白藤とあわせてスコーピオンを蛇に向ける総一郎は、残りの手でプロテクトシールドを掲げた。巨体を活かして、彼女が受けるべき攻撃を代わりに受けようというのだ。
日中にはケースに収まっていた愛染のライフルへ、ようやく出番が回ってくる。彼女の強弾撃が蛇キメラ胴体へ幾つもの弾痕を刻んでいった。
彼女へ噛みつこうとした蛇の頭部へ、小銃「ブラッディローズ」を向ける悠夜。
「蛇なら蛇らしくおとなしく狩られろヤァー!」
新人である愛染への攻撃を、彼は許すつもりはなかったのだ。
狭い室内戦であるため、武器の射程はほとんど意味をなさない。
「総一郎さんの手は煩わせんからなっ!」
気迫を見せる白藤が小太刀『白藤』を構えると、総一郎も硬鞭二刀流に持ち替えて彼女の背後を守ろうとする。
白藤を飲み込もうと開かれた口は、彼女の白刃によってさらに切り開かれた。身をよじる蛇の頭部へ硬鞭が叩き込まれ頭蓋骨を複雑に変形させ粉砕した。
3人ということもあり、301号室では戦闘が長引いていた。
天善を背中にかばうようにして、環は小銃「ブラッディローズ」をキメラに向けていた。
蛇を相手に投げ技を挑もうとしたラサが、豪力発現を発動させて組み付くが、小さく軽い身体が壁に叩きつけられる。
噛みつこうとした蛇に向けて、環が銃弾を叩き込む。天善のスパークマシンαも電磁波を放っている。
「神は言われまシタ。
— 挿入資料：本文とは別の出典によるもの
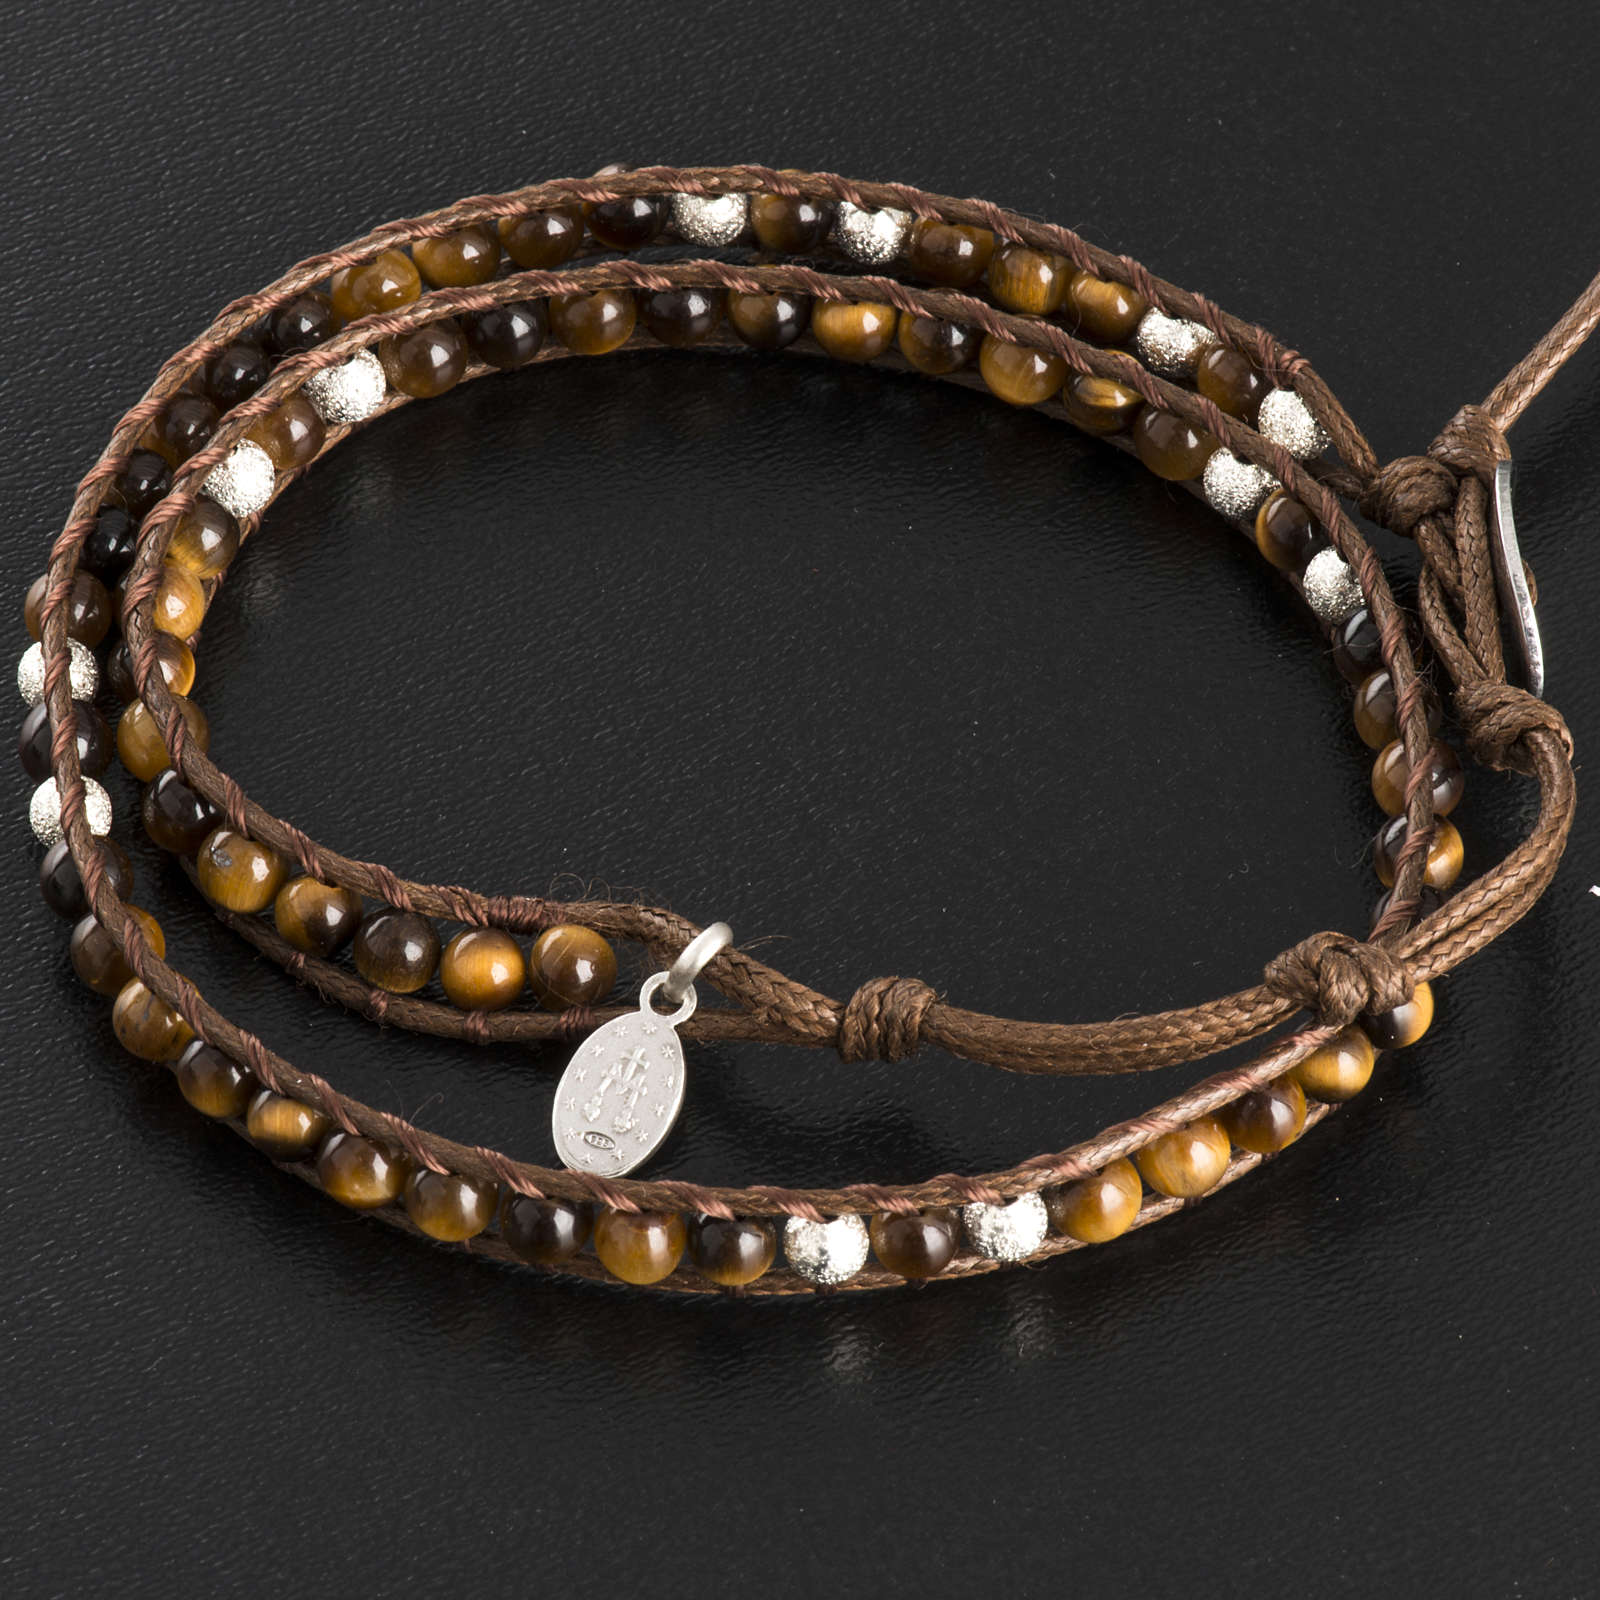 Tiger's eye bracelet 4mm 4

スープレックスはへそで投げるデス」
言いつつも、蛇の重心を身体に乗せることなどできるはずもなく、ラサは純然たる力業で蛇の頭部を反り投げに持ち込んだ。蛇の身体で円の軌跡を描き、頭部が床面へ急角度で投げ落とす。
この時、部屋の外へ仲間が駆けつけていた。ライフルを手にプローンポジションをとる愛染と、小銃を構える悠夜だ。
「お父さ、じゃなかった天善さん伏せてっ!」
環が天善を押し倒したタイミングで、室内に降り注ぐ銃弾の雨あられ。
「エイメン!」
ラサの手にした拳銃「スピエガンド」が火を噴き、蛇キメラの眉間を貫いた。
戦闘終了を待って、様子をうかがっていたUPC軍の部隊がホテルを接収する。影で動いていたUPC軍情報部の説明によれば、ホテルそのものがバグア側に与しており、諜報員はキメラの餌になっていたという推測らしい。
『佐藤家』のみなさんは空き部屋の一つに顔をそろえている。
愛染は救急セットを持ち出すと、率先して『家族』の手当を行っていた。
ほんの1日程度の家族ごっこだが、一同にはなんらかの感慨をもたらしたように見える。
「‥‥帰ったら、ちょっと‥‥甘えよ」
彼氏が恋しくなった白藤がぽそりとつぶやいた。
「楽しかっター。ミンナまたネ」
最初と同じように皆をハグしていくラサ。
「ダーリンマタネ!」
天善には頬にキスのおまけつきだ。
笑って眺めていた環が、残っていたビールを掲げてこう口にする。